Every Now And Then I Get Reminded Why I Think The Way I Do

I work on the night shift for a large manufacturer in a union shop.   Last week all of the employees paychecks were held up.   Some time early in the morning on Friday a few people noticed that their paycheck hadn’t been deposited, so rumors started buzzing.   Later that morning the company said that there was a problem with the bank that sends the payments and it was nothing on their end or the company that does payroll that caused it.    They said it would be fixed by Monday (and it was).  Some coworkers were freaking out and calling the union hall and screaming about how they wouldn’t be able to make Christmas happen this year, “pay the light bill”, “put food on the table”, etc, etc.

I have sympathy for some individual cases and some of the employees that are paid less, but I’m glad that I’ve built up enough security that if I get my full paycheck three days late it’s not a big deal.

My dad worked at that factory since before I was born.   I remember the strikes and lingering uncertainty around the prospects of the factory packing up and moving to China or Mexico.   One strike in 1994 lasted for over a year.  I remember my dad picking up odd jobs here and there and making some cuts in the household that we weren’t used to.

I started working at this plant in 2004, right before going to Iraq.   Although I take my job seriously and all of that while I’m there, I’ve never really thought of it as something that’s guaranteed to be there long enough for me to work until I’m 60-ish, get my gold watch, collect my pension and then live a life of leisure until I die.    I’ve always had the mentality that it’s good to have savings and a “plan B” in the way of retirement and other job skills.   I know that if I lost my job today I wouldn’t be able to find anything that paid anywhere near what I make now,  so I’m better off living a lifestyle below my means just in case something happens.    Honestly, I don’t know if my job will be around long enough for me to retire.   There’s good reasons to think it will, good reasons to think it won’t.

When I was just starting out in life a guy I worked with loaned me Millionaire Next Door and Rich Dad, Poor Dad.   That same guy also tried to get me in on his Amway deal, attempting to entice me with the photographs of the beachfront properties owned by successful Amway salesmen he kept by his desk.  This guy’s Amway pitch didn’t go anywhere, but those two books certainly did by opening up my eyes to what “wealth” actually means.   I worked at a place that had me dealing with all different kinds of homeowners around the city and I started to see that people who appear rich aren’t always and people who appear poor/middle class might actually be pretty well off.   I had just gotten into some bad debt at that time trying to acquire some of the things that I thought defined success, so it was good to get that kind of financial direction at that time.

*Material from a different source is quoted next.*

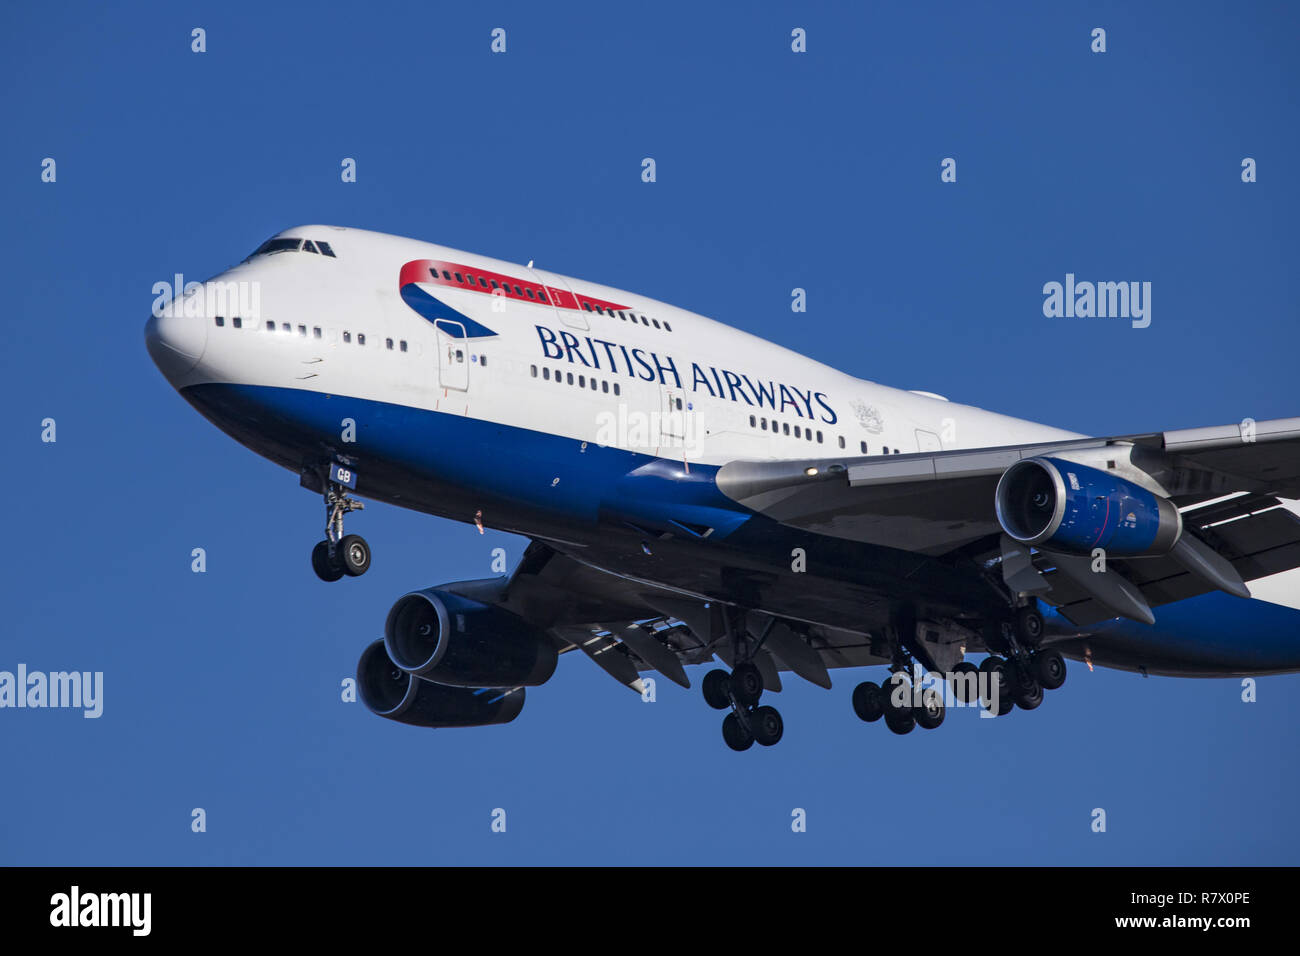 United Kingdom. 30th Nov, 2018. British Airways Boeing 747 Jumbo Jet seen  landing at the London Heathrow Airport LHR/EGLL in England.The aircraft is  a Boeing 747-400 with registration G-BYGB, it is equipped

After listening to a lot of people complain about being broke by payday and certain experiencing it myself, I think the first financial/preparedness goal I set for myself was being in a position where what day of the week it was didn’t matter.   If I needed something Thursday night, it would be just the same as if I spent the money the previous Friday night.   The next step from that was making it so it didn’t really matter what day of the month it was.   If I had to pay all of my bills on the 1st, 15th, 17th or whatever, it wouldn’t matter.   I would hear people talk about how they didn’t have any bills to pay with that week’s paycheck so they would go out and blow it, planning on living on a tight budget next week.  I didn’t want to be that guy.

Anyways, when I started working at the place I do now I really started thinking about having all of my ducks in a row just in case I had to go on strike or lost my job.  I remember one rumor in 2007 about a plant in China that would shut us down that really put a fire under my ass.   I thought about what kinds of employment I would pursue if I lost this job.   I decided I would finish school just to give me a slightly better chance of getting meaningful employment and I did that last year.   I planned on getting the most out of my job and getting myself into the best situation possible to deal with the prospect of having to find a lower-paying job someday.

Thinking this way did lead me towards the world of preparedness.  I think most people get into it by thinking about things like zombies, EMP’s, TEOTWAWKI, etc and going down from there.  I guess I came to it from the other way around and started with the mundane things.

I still don’t have all the answers on what a post-current job world would look like, but I think I’m in a spot where at least I would have better options than I would’ve had I not tried to come up with a plan.   It’s not an issue of being smarter than anyone, but I accept that things can change and when they do, it’s best to move on instead of trying to kick a dead horse.   Instead of grinding my wheels about getting paid late, it wasn’t a big deal for me because I had given the issue some forethought.   I would hate to have that kind of dependency and live under that kind of stress.   I would like to think that if the plant ever closed, I would just be able to move on instead of dwelling on it and demanding the return of something that isn’t there.